Some of his concepts about the Laws of Magick made it into very popular book The Master of the Five Magics, by Lyndon Hardy. Traces of them show up in Jim Butcher’s Harry Dresden books, and in David Edding’s Belgariad. Some of them are dealt with neatly in Fritz Lieber’s ConjureWife, and Robert A Heinlein also approached them in Waldo and Magic, Inc.
The GURPS “vanilla” magic has little to do with these narratives. There was a hint of something in the improvised rules, a little in the Rune magic system in Magic, and some bits I don’t recall well from a White Wolf Adaptation of Mage (there weren’t enough pre scripted spell effects for my taste). When GURPS Voodoo came out, we saw the birth of what would later become Ritual Path Magic . It was interesting, but my game operated at a much lower point range.
Technomancer was an awesome addition to the field; I used a lot from this.
A few years later, there was Unlimited mana magery, or umana, which in some ways echoed aspects of the spell failure system from Mage the Ascension. A major campaign event in my game was the result of a catastrophic umana event.
There are a lot of in depth discussions about Thaumatology; some of the better ones are on Psedobobo’s blog Let’s GURPS.
There have been a number of alternate systems for magic since then; Sorcery, which does a magic as powers thing, precedented with the introduction of Magic Bolt in DF 11: Power Ups, and in keeping with GURPS Powers, but not holding a flavor I really like. There is also Ritual Path Magic, which has heavy fan support, but is a little mathy and sparse on the Grimoire end for my preferences. I am much more of a plug and play kinda guy; I am not trying to design advantages and rituals; I have too many munchkins in my game to not be checking the math, and it isn’t my strong suit. Ymmv.
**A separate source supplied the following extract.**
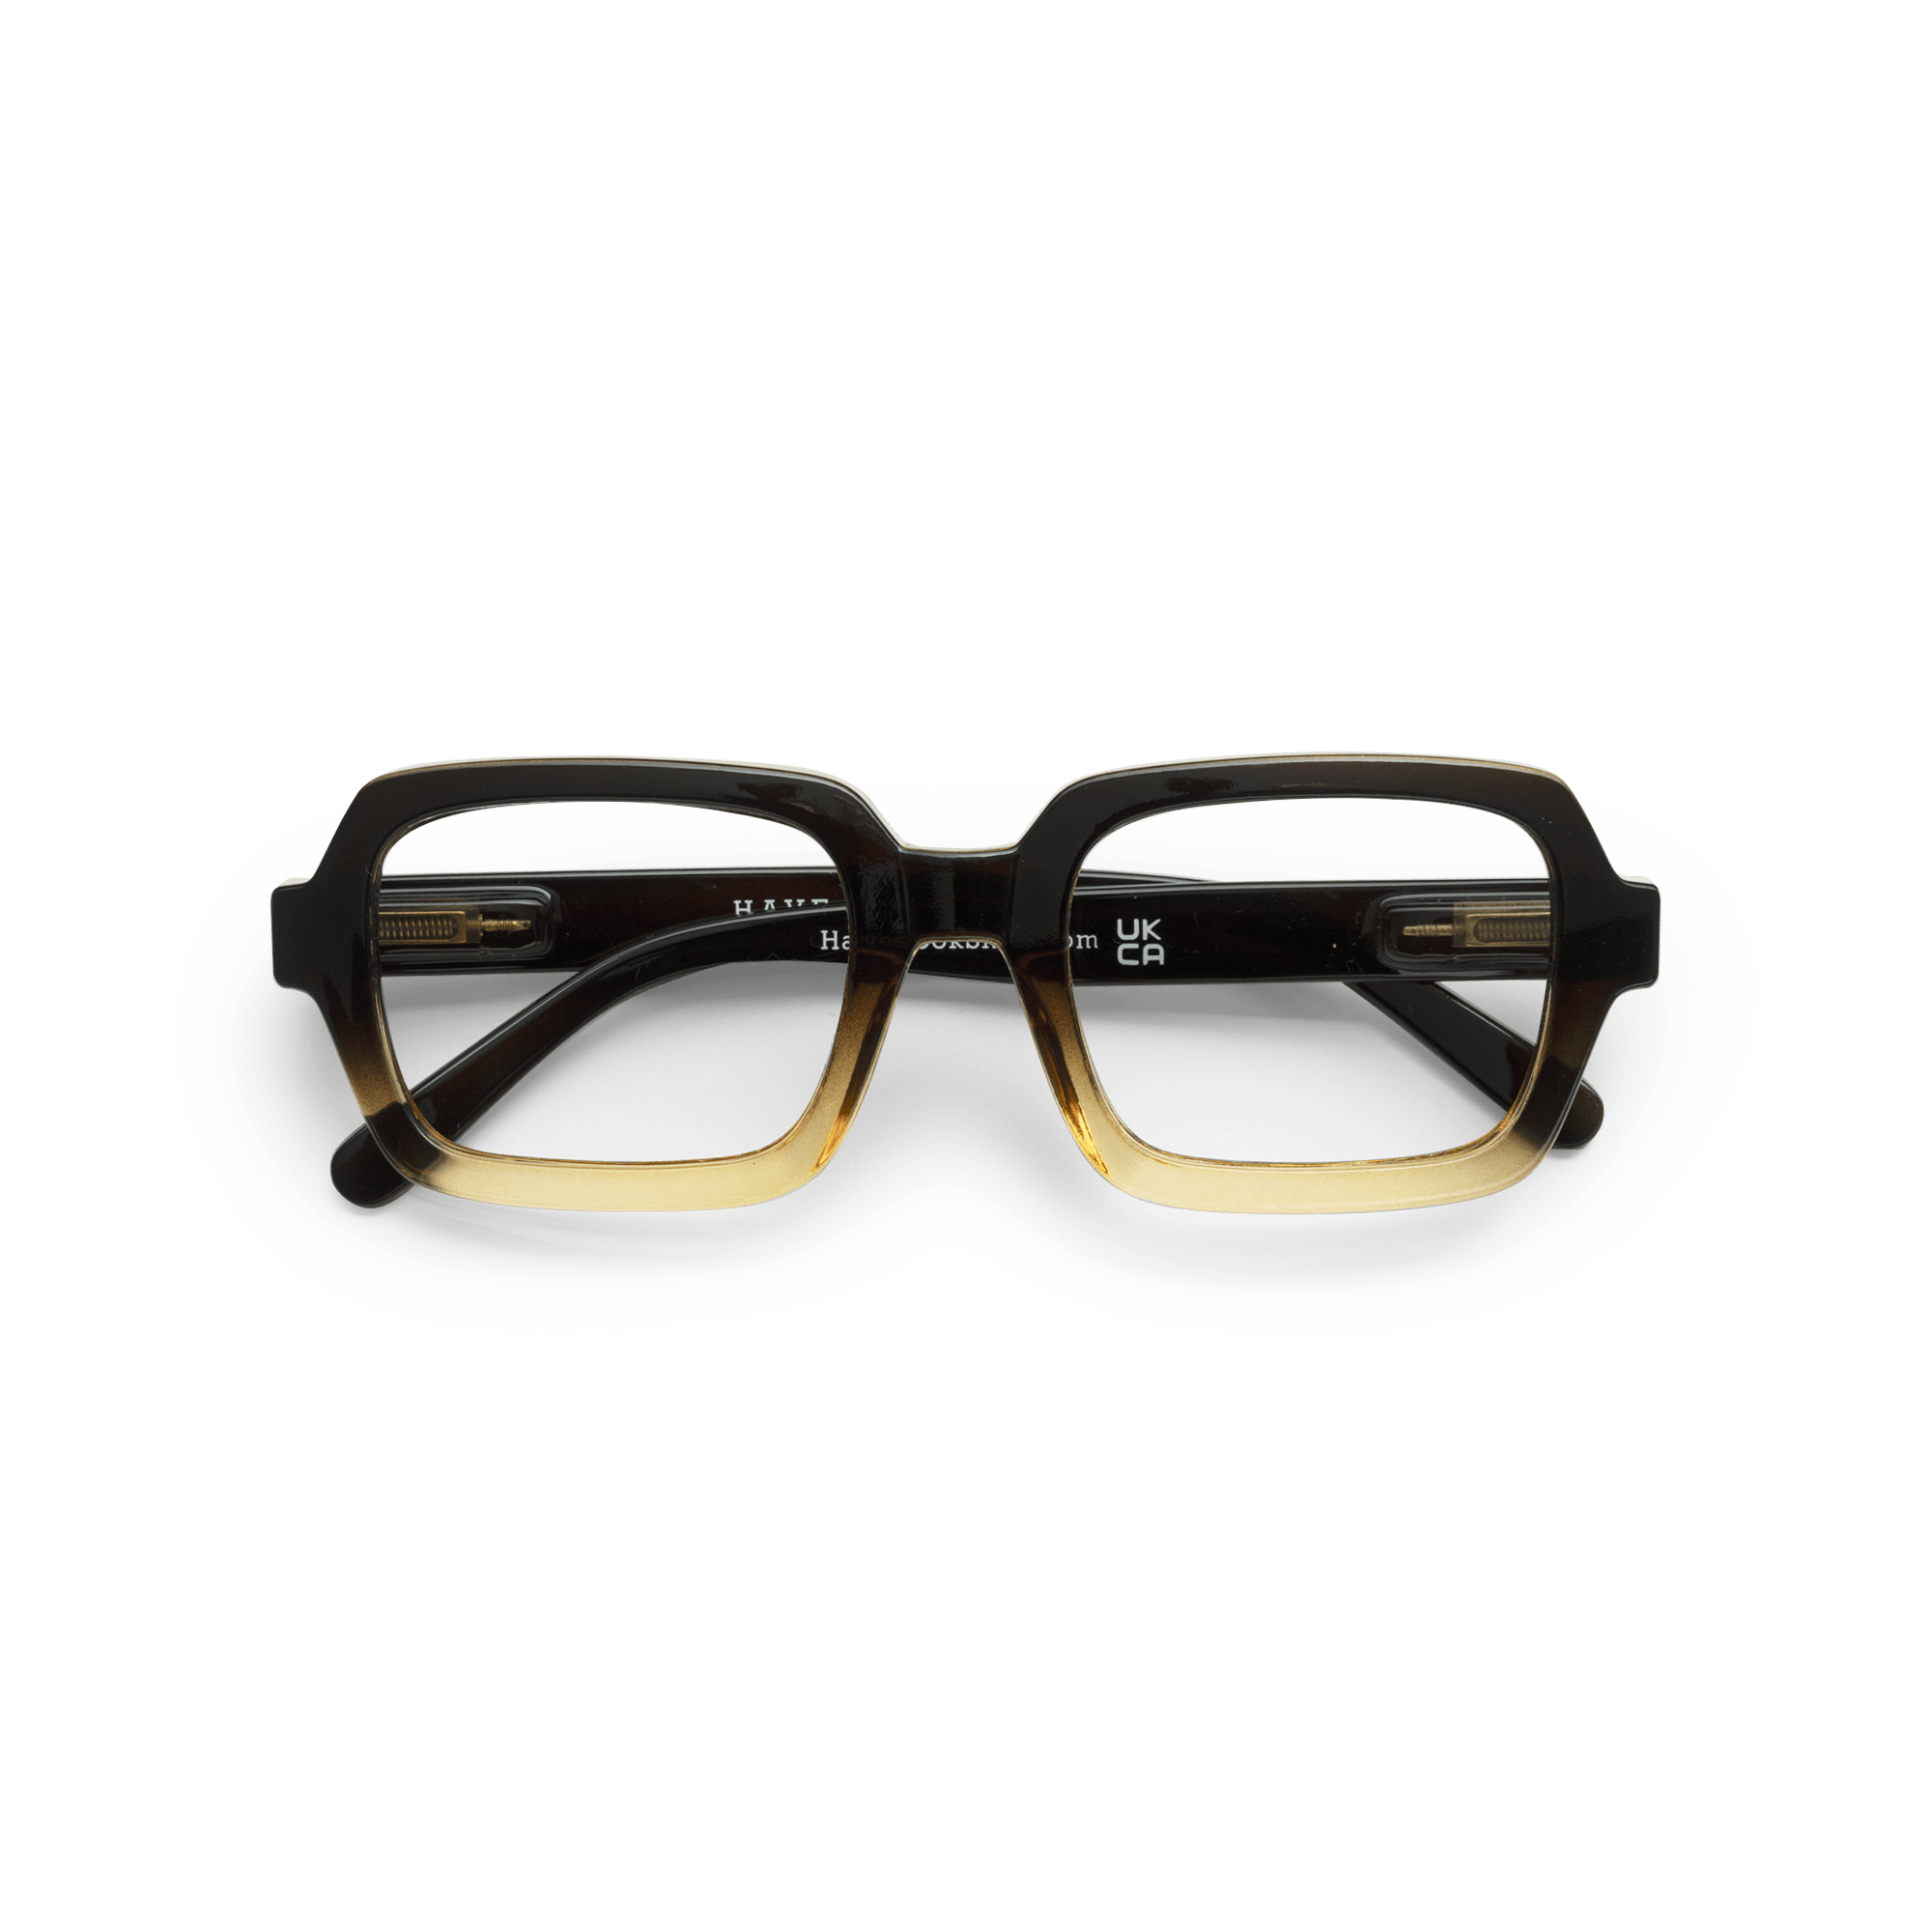 Minusglasögon Square - black/brown

One of Bonewits’ criticisms of Vancian (and most roleplaying game depictions of magic) is the ideas that spells, once cast, are forgotten, and, that they can be cast quickly. He proposedthat one might, through a careful, lengthy, and preplanned ritual, build an “astral machine” designed to generate a magical effect, and store energy for the effect, that the practitioner could then release later with a ritual shortened by autohypnotic trance; effectively building a spell in reserve before the adventure, and rapidly releasing it with an abreviated casting during it.
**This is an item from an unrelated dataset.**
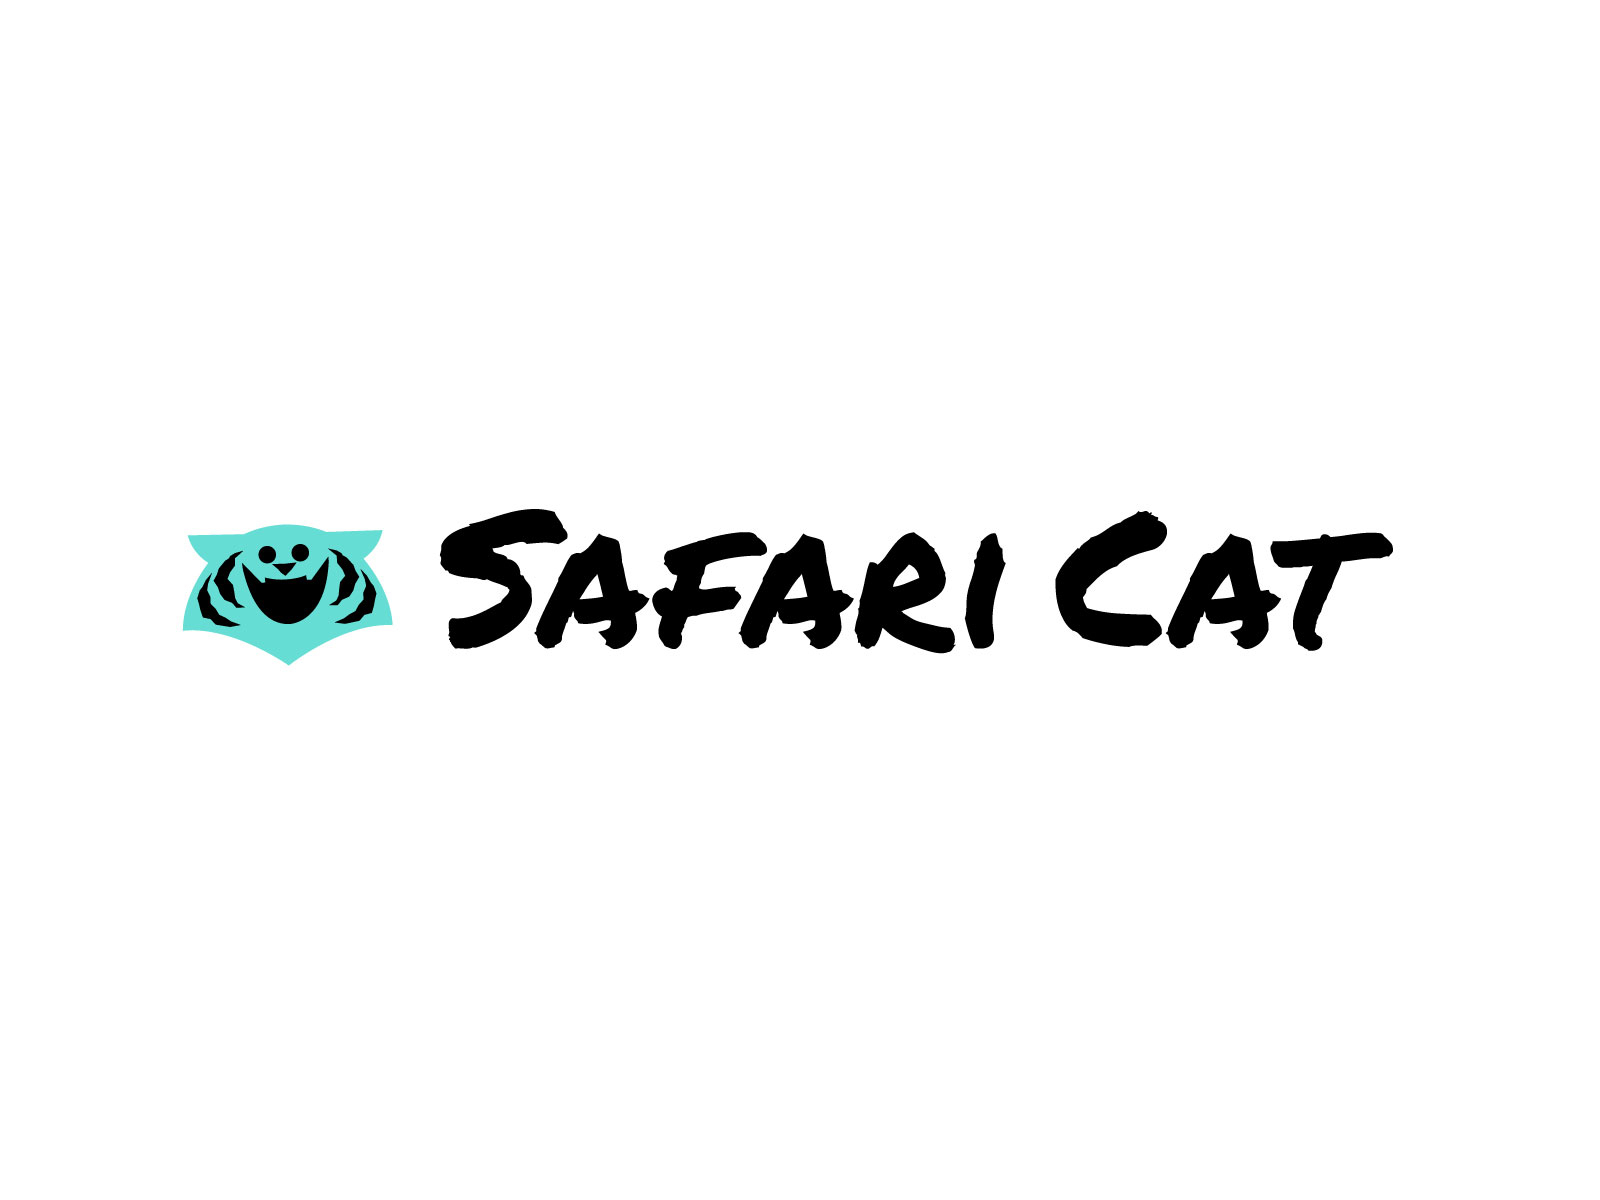 Safari Cat by Brandon Joseph on Dribbble

Not too far fromt he characters in the Dying Earth who would arm themselves with a few spells, and feel them buzzing about in their heads until released.
Not far at all from Incanters attaching prepared and extensive rituals to their auras and quick casting later. I checked with Ghostdancer, and Authentic Thaumaturgy was not on his list of researched books for DF 19; great minds think alike, it would seem. Incantation magic has it’s casters preload spells to cast later, and are limited to otherwise weak improvised magic. It sounds like classic dungeon wizardry, and should appeal to those who find the standard system too vanilla. Go pick it p!